Descubrió sólo unos centímetros de la parte superior, pero era suficiente para revelar un círculo de vidrio dentro del cual estaban incrustados unos hilos multicolores que formaban un complicado dibujo.

—No lo sacaremos hasta que estemos en tierra —dijo Parkinson—. Pero puede verlo aquí.

Abrió un lujoso libro de arte ilustrado titulado
Glorias del Vidrio Veneciano
. Un grabado a toda página mostraba lo que, a primera vista, parecía una fuente resplandeciente congelada en el aire.

—No puedo creerlo —dijo Bradley, después de mirarla durante unos segundos con los ojos dilatados por el asombro—. ¿Cómo podían beber con eso? Más aún: ¿Cómo pudieron
fabricarlo
?

—Buenas preguntas las dos. Ante todo, es un objeto puramente ornamental, para ser contemplado, no para ser usado. Un ejemplo perfecto del aforismo de Wilde: «Todo el arte es completamente inútil».

»Y, aunque me gustaría responder a su segunda pregunta, no puedo.
No lo sabemos
. Desde luego, podemos adivinar algunas de las técnicas utilizadas, pero ¿cómo conseguía el soplador que esos firuletes se entrelazaran? ¡Y fíjense cómo encajan esas pequeñas esferas unas dentro de otras! Si no lo hubiera visto con mis propios ojos, habría jurado que algunas de estas piezas tenían que haberse realizado en un ambiente de ingravidez.

—Entonces
por eso la
«Parkinson» ha reservado espacio en el «Skyhab 3».

—¡Qué ridículo rumor! Ni merece la pena desmentirlo.

—Roy Emerson me dijo que esperaba con ilusión salir al espacio por primera vez e instalar un laboratorio con gravedad cero.

—Ahora mismo mando un fax a Roy para decirle muy finamente que cierre su puñetera boca. Pero, ya que ha sacado usted el tema, le diré que, efectivamente, pensamos que el soplado de vidrio en ambiente de ingravidez tiene posibilidades. Tal vez no suponga una revolución en la industria como la del
floatglass
como en el siglo pasado, pero merece que se haga una prueba.

—Si me permite la indiscreción, ¿cuánto puede valer ese vaso?

—Supongo que la pregunta no es oficial, por lo que no le daré la cifra que pondría en el informe de la Compañía. De todos modos, usted sabe lo fluido que es el negocio del arte. Tiene más altibajos que la Bolsa. No hay más que ver los chafarriñones por los que a finales del siglo XX se pagaban fortunas y que ahora nadie quiere ni regalados. Y, en este caso, está además la historia de la pieza. ¿Cómo se puede valorar
eso
?

—Diga una cantidad.

—Me sentiría muy decepcionado si se valorara en menos de cincuenta millones.

Bradley silbó.

—¿Y hay muchas más cosas ahí abajo?

—Muchas. Aquí está la lista completa que se confeccionó para la exposición que preparaba el Smithsonian… que prepara con cien años de retraso.

Había en la lista más de cincuenta piezas, todas ellas, descritas con nombres muy técnicos de resonancias italianas.
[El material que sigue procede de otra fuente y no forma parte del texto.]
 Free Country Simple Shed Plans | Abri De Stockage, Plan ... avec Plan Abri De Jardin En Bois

Aproximadamente la mitad tenían un interrogante al lado.

—Aquí hay un pequeño misterio —dijo Parkinson—. Faltan veintidós piezas, pero
nos consta
que iban a bordo y estamos seguros de que el bisabuelo las llevaba consigo, porque se quejaba del mucho espacio que ocupaban y decía que no podía dar fiestas.

—Entonces…, ¿habrá que echarles otra vez la culpa a los franceses?
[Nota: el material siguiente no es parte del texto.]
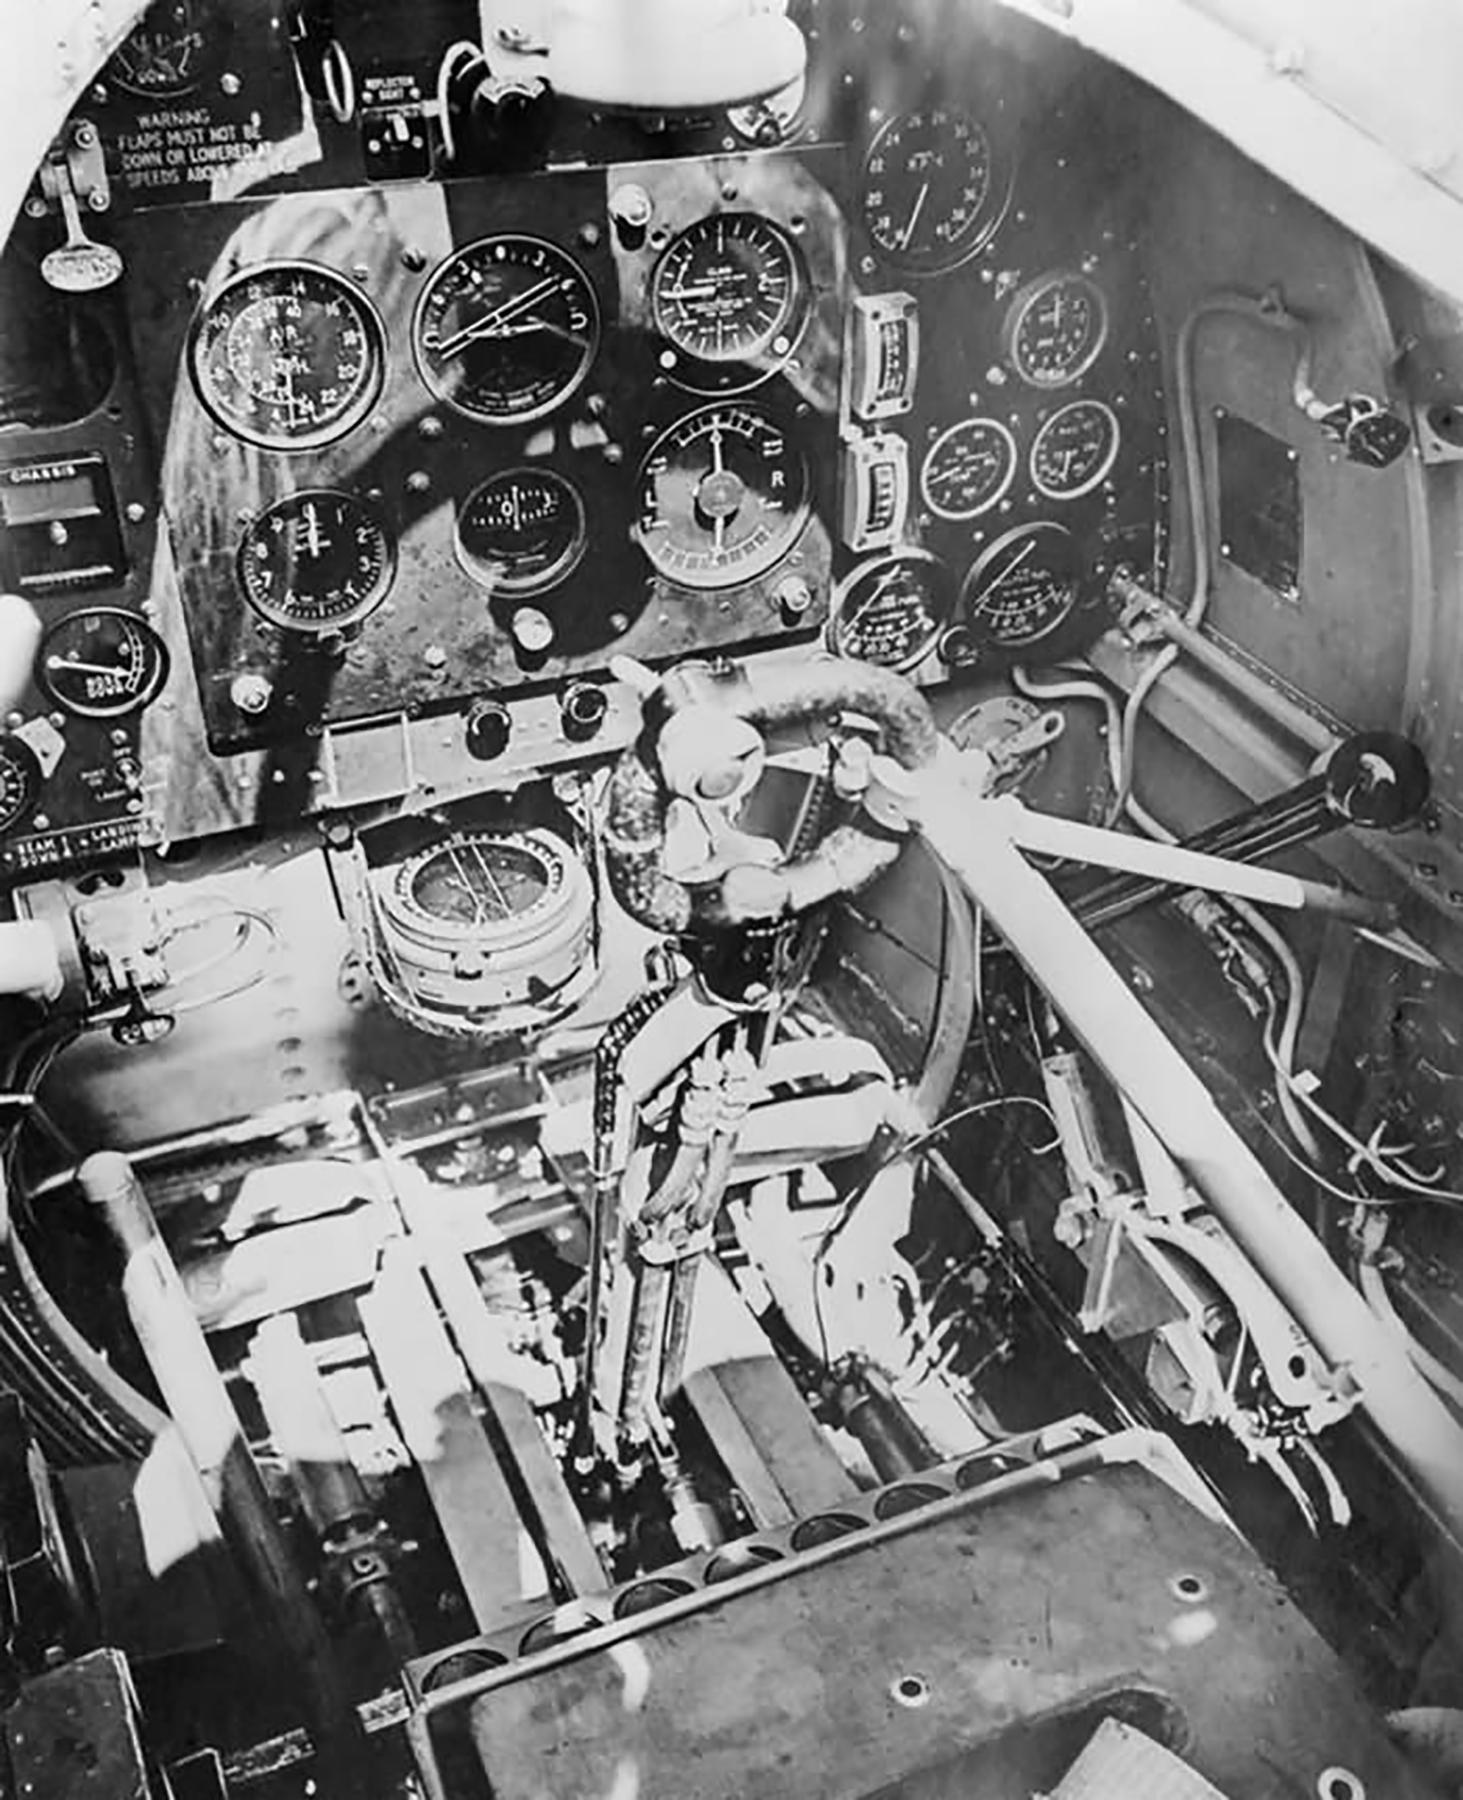 Factory fresh Spitfire Mk IIa cockpit England 1941 web 03

Era un chiste ya muy gastado. Algunas de las expediciones francesas al
Titanic
, realizadas durante los años que siguieron a su descubrimiento, en 1985, habían causado considerables daños, al tratar de recuperar objetos. Ballard y sus colaboradores no se lo habían perdonado.

—No; creo que los franceses tienen una coartada bastante sólida. Nosotros hemos sido los primeros en entrar. Mi teoría es que el bisabuelo haría trasladar las cajas a un camarote o pasillo contiguo. Estoy seguro de que no estarán lejos. Más tarde o más temprano, las encontraremos.
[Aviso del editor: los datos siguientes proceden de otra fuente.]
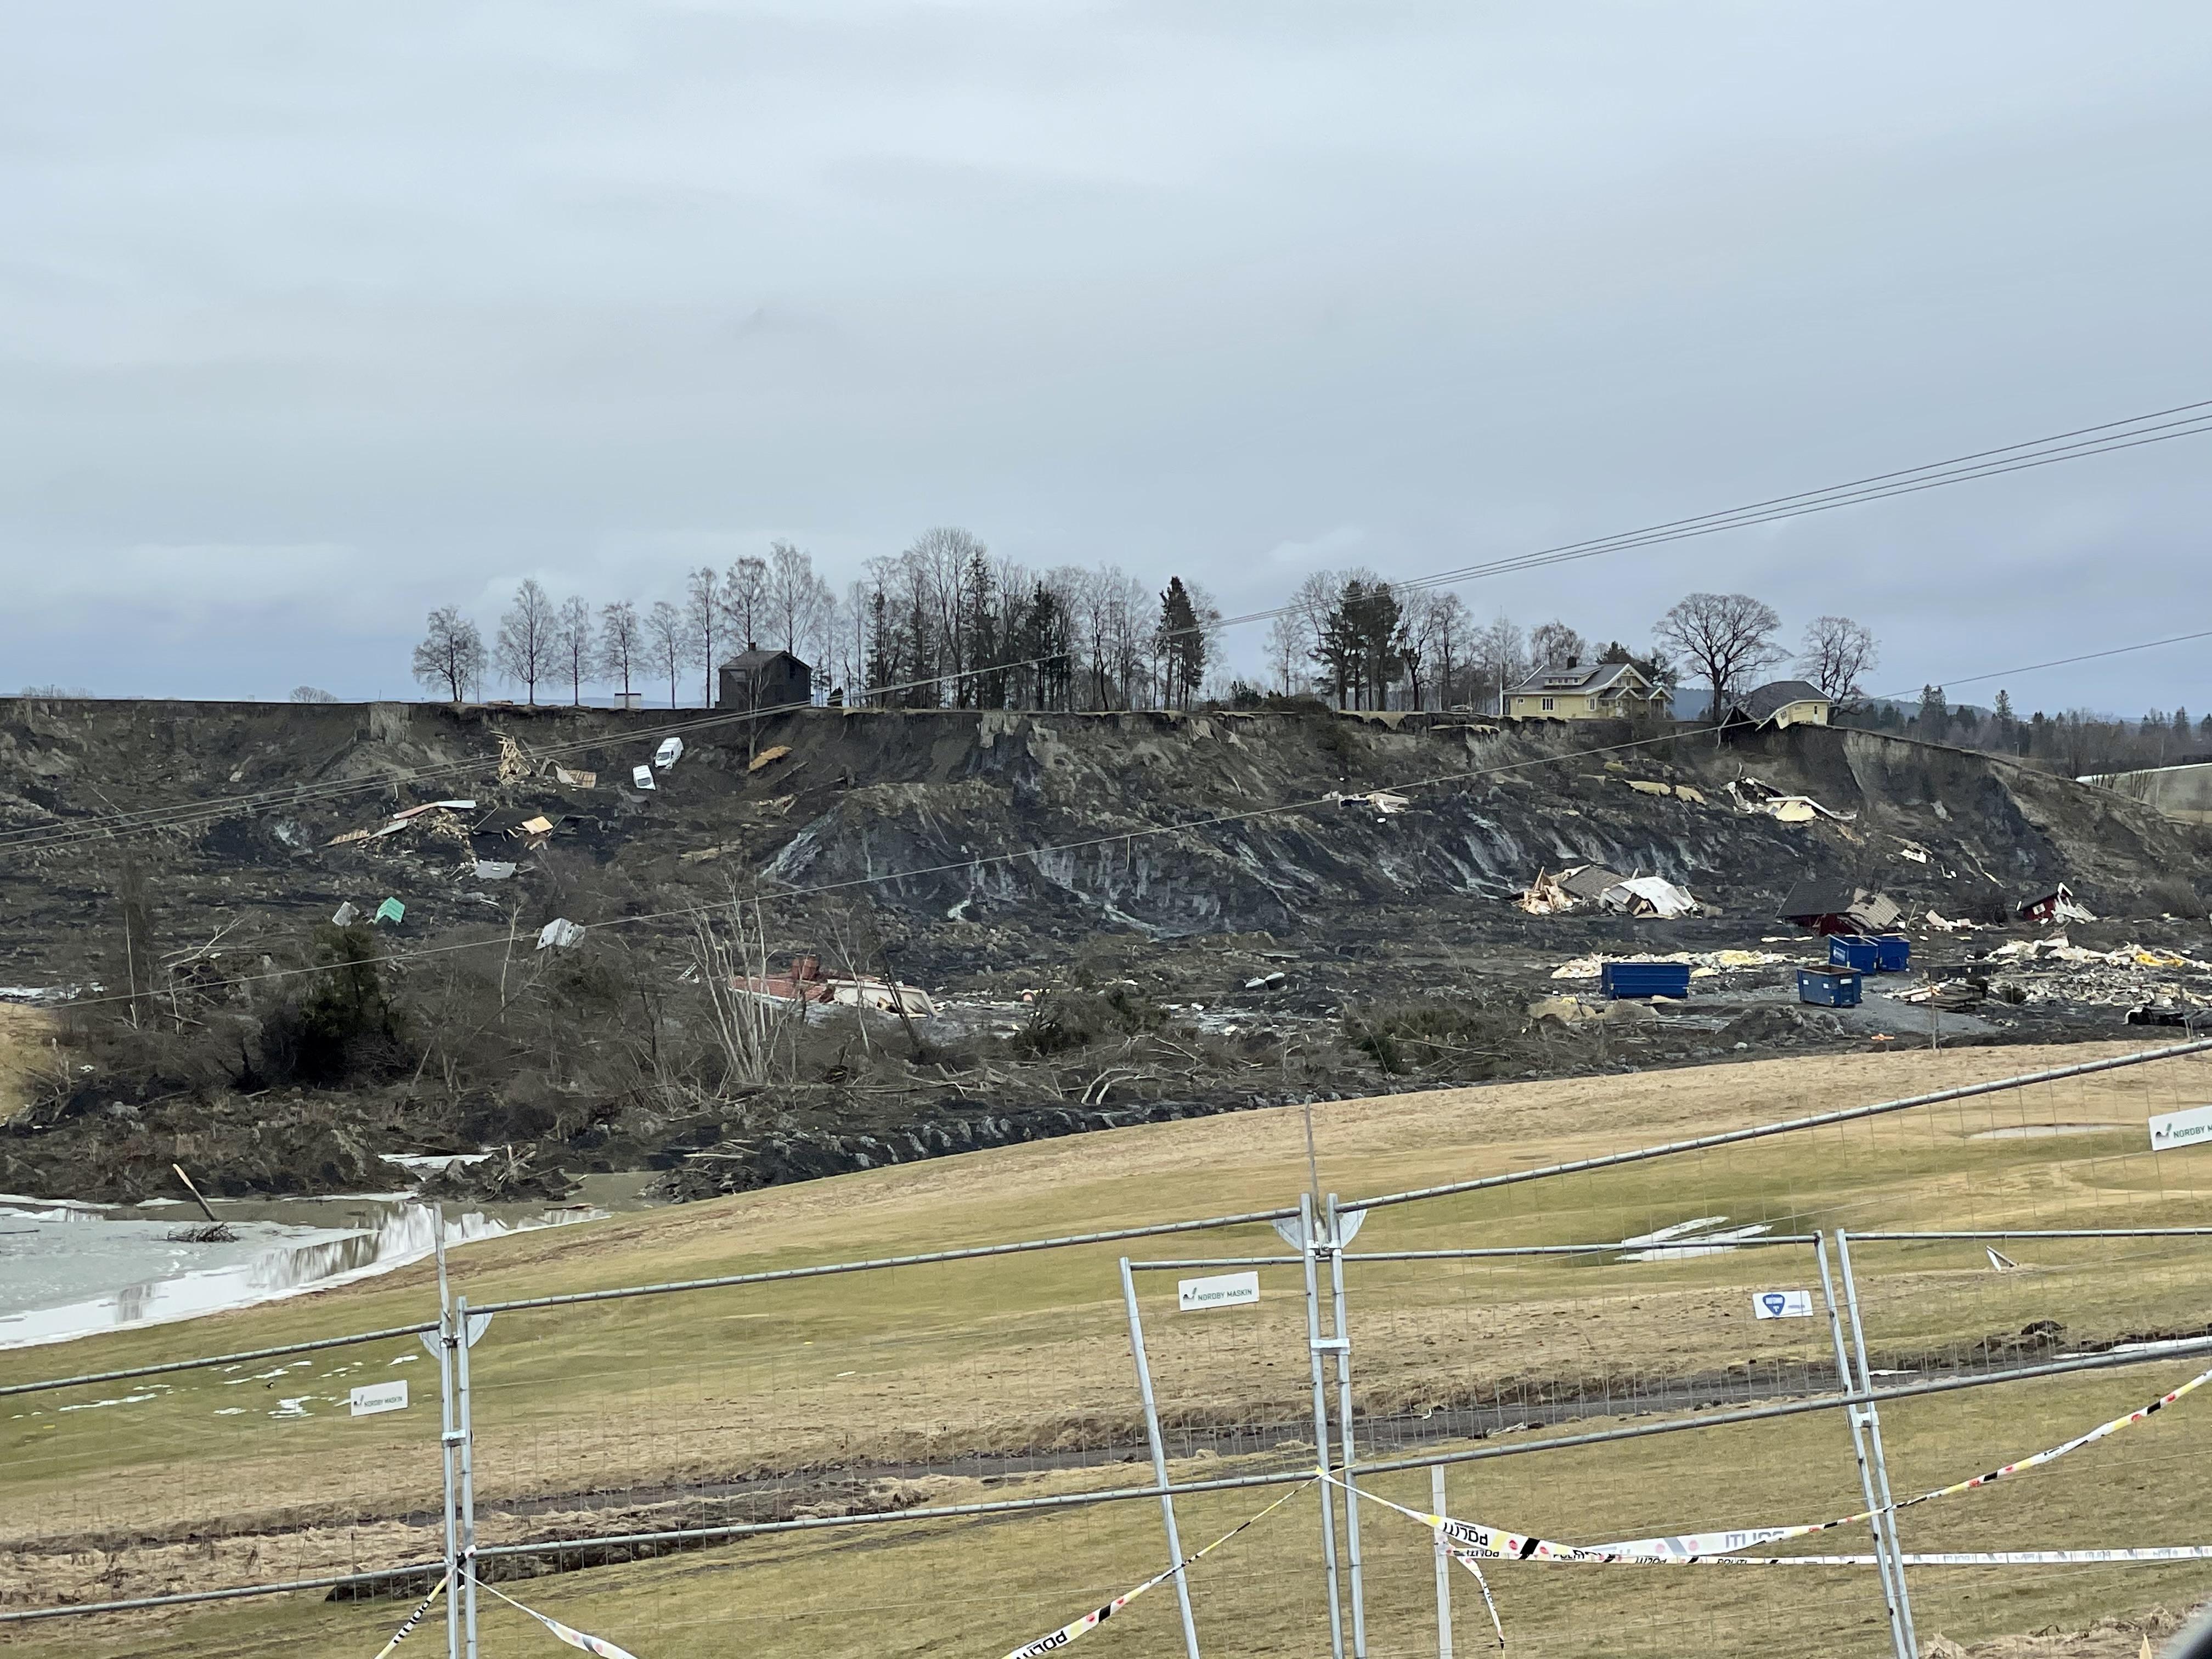 Slik bidro Tomas renholdere i Gjerdrum-katastrofen

—Así lo espero; si sus cálculos son exactos, y al fin y al cabo usted es el especialista, esas cajas de vidrio sufragarán toda la operación. Y todo lo demás serán beneficios limpios. Buen trabajo, Rubert.

—Esperamos que la Fase 2 no vaya peor.

—¿El
Topo
? Ya lo vi abajo, al lado de la compuerta. ¿Algo más desde su último informe que por cierto era bastante superficial?